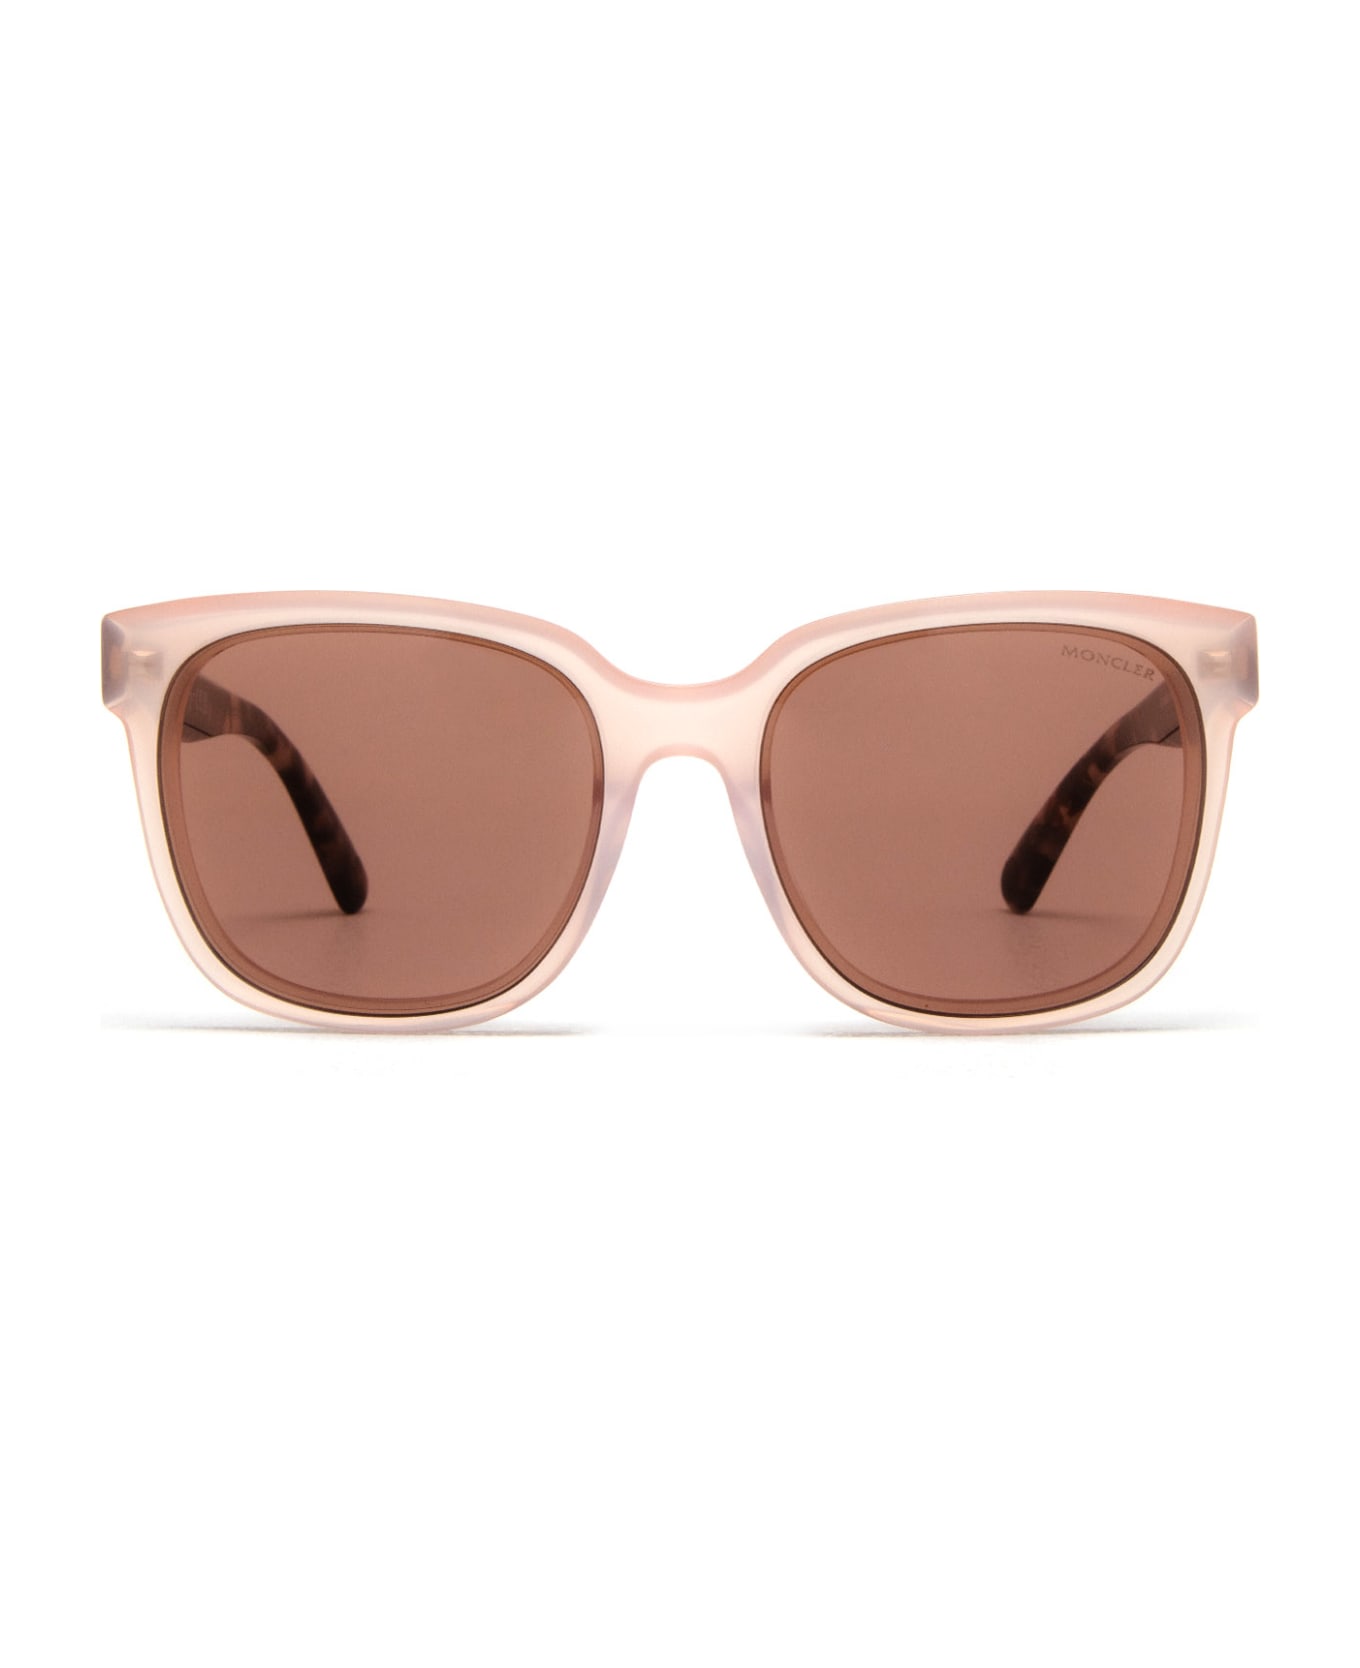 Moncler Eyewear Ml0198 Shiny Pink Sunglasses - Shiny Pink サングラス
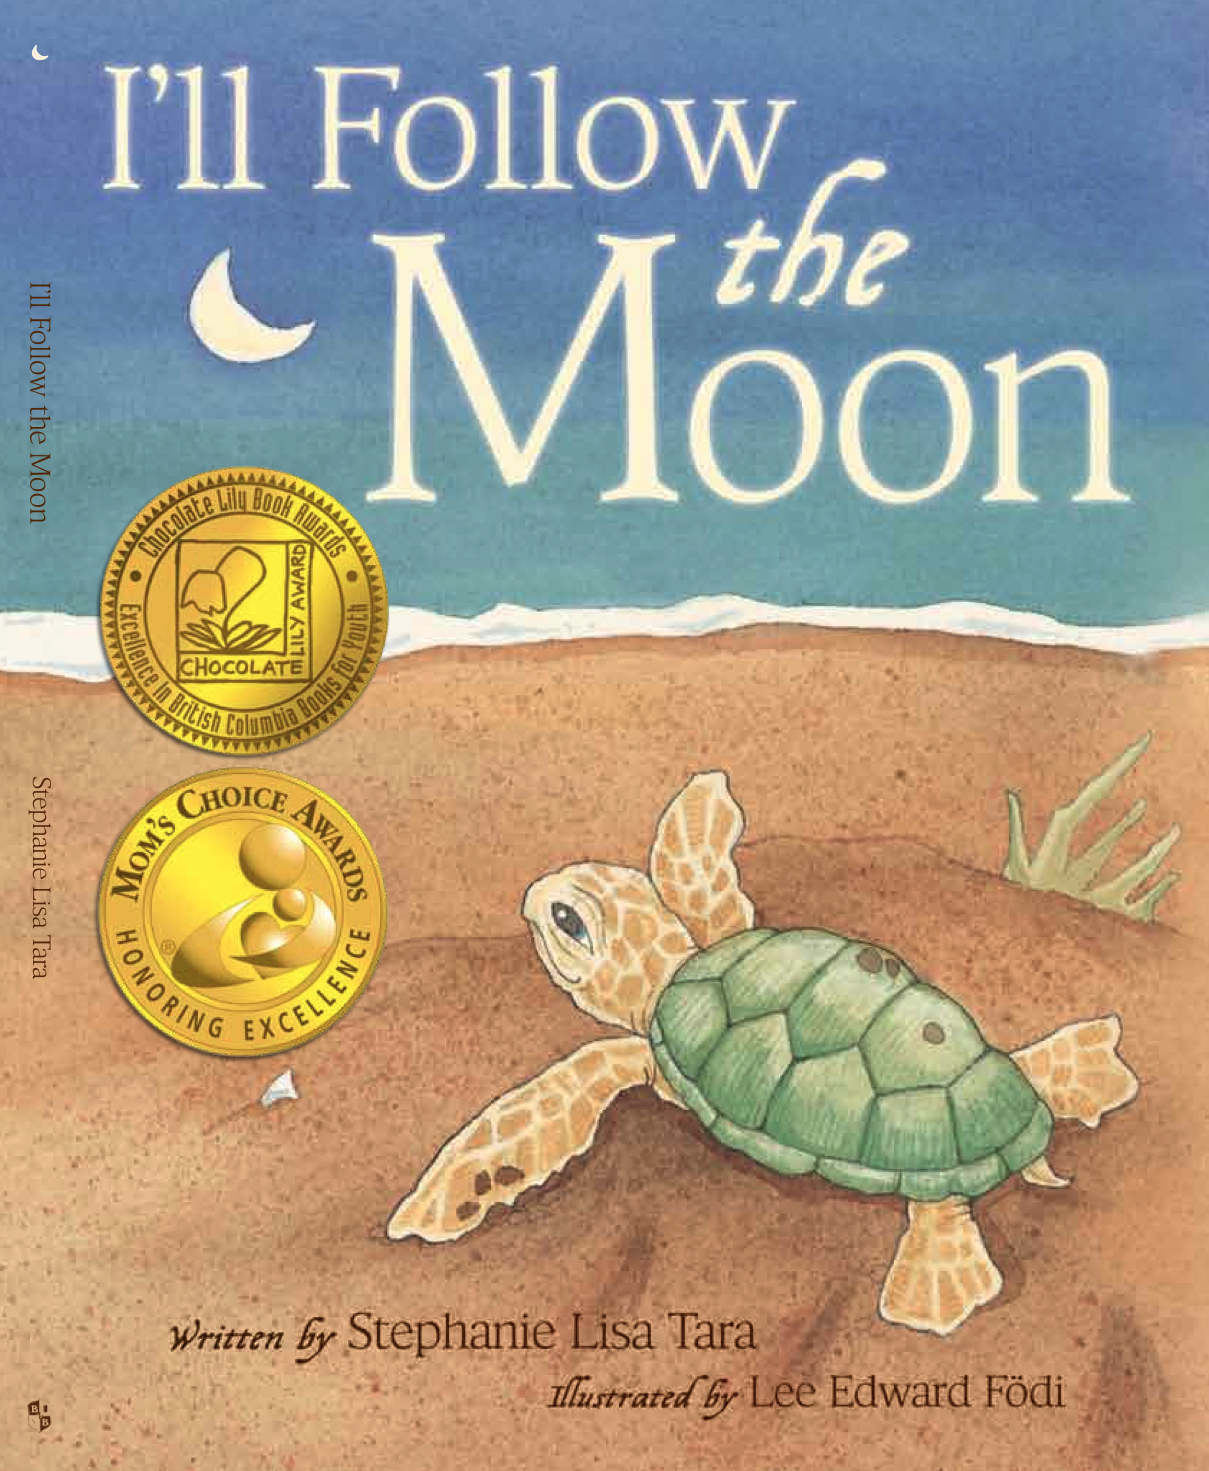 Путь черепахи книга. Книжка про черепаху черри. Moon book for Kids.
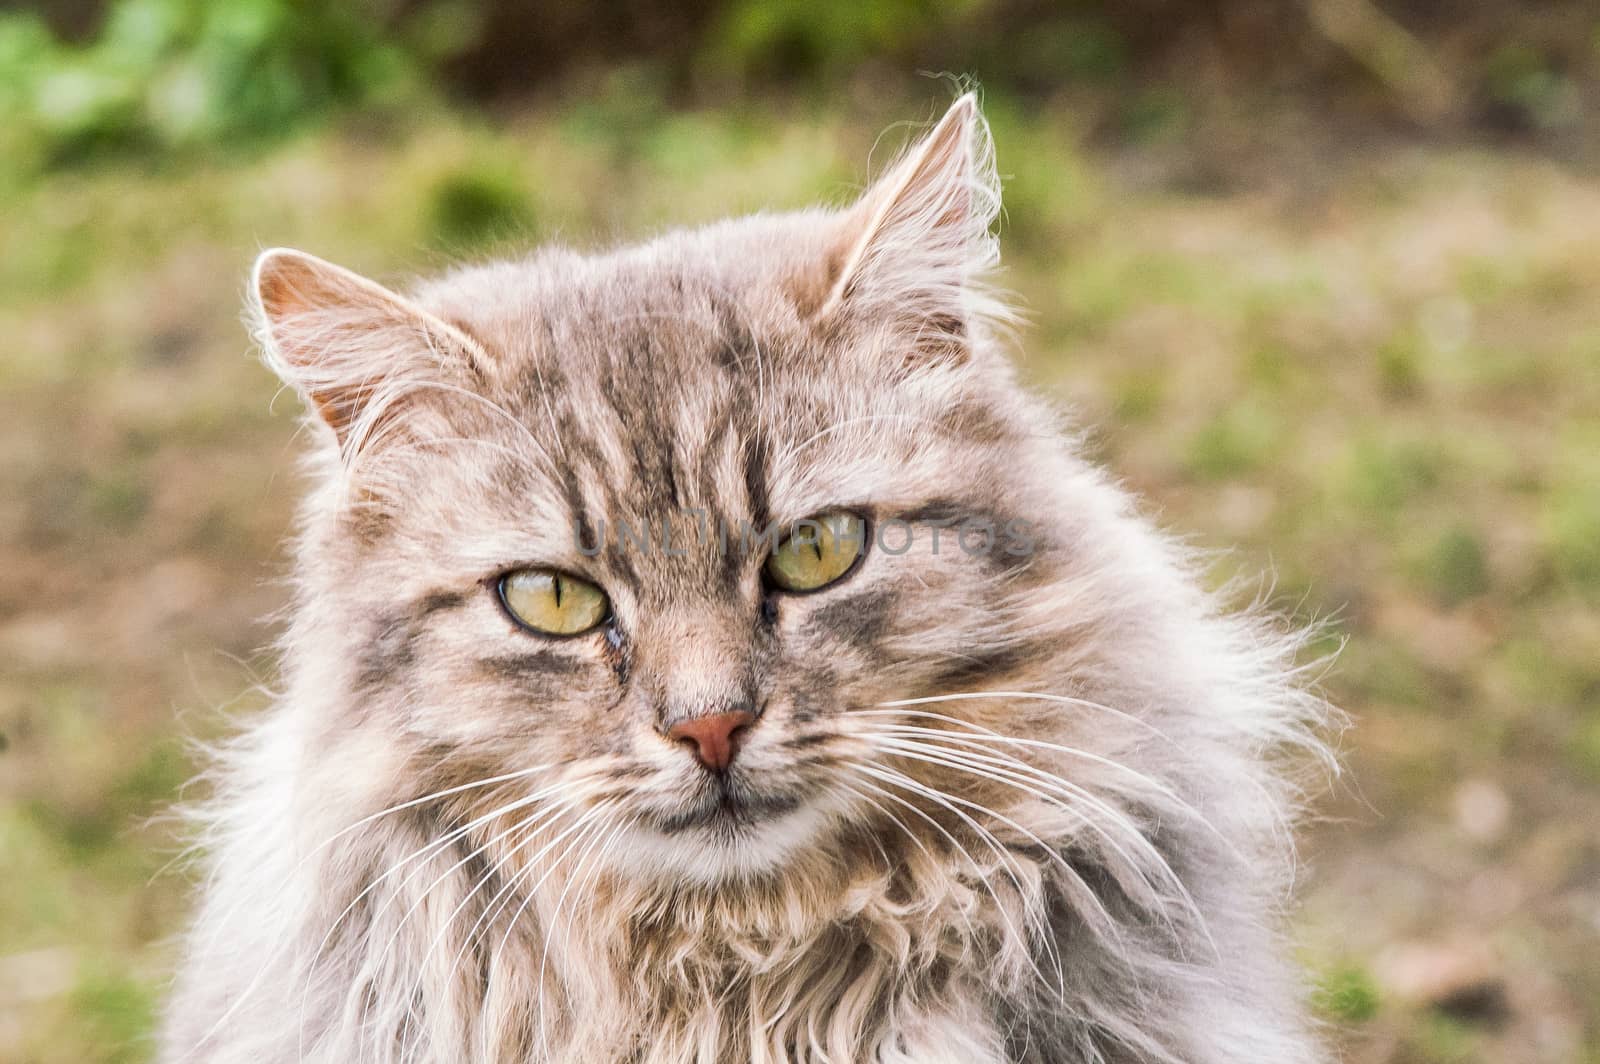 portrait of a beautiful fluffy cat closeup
━━━━━━━━━━━━━━━━━━━━
_Exercise description_.
Your answer must be the lines from the one containing "Путь черепахи книга." through the last line of the listing above, restated word for word, with no pictures.

_Your response_.
 Путь черепахи книга. Книжка про черепаху черри. Moon book for Kids.
 portrait of a beautiful fluffy cat closeup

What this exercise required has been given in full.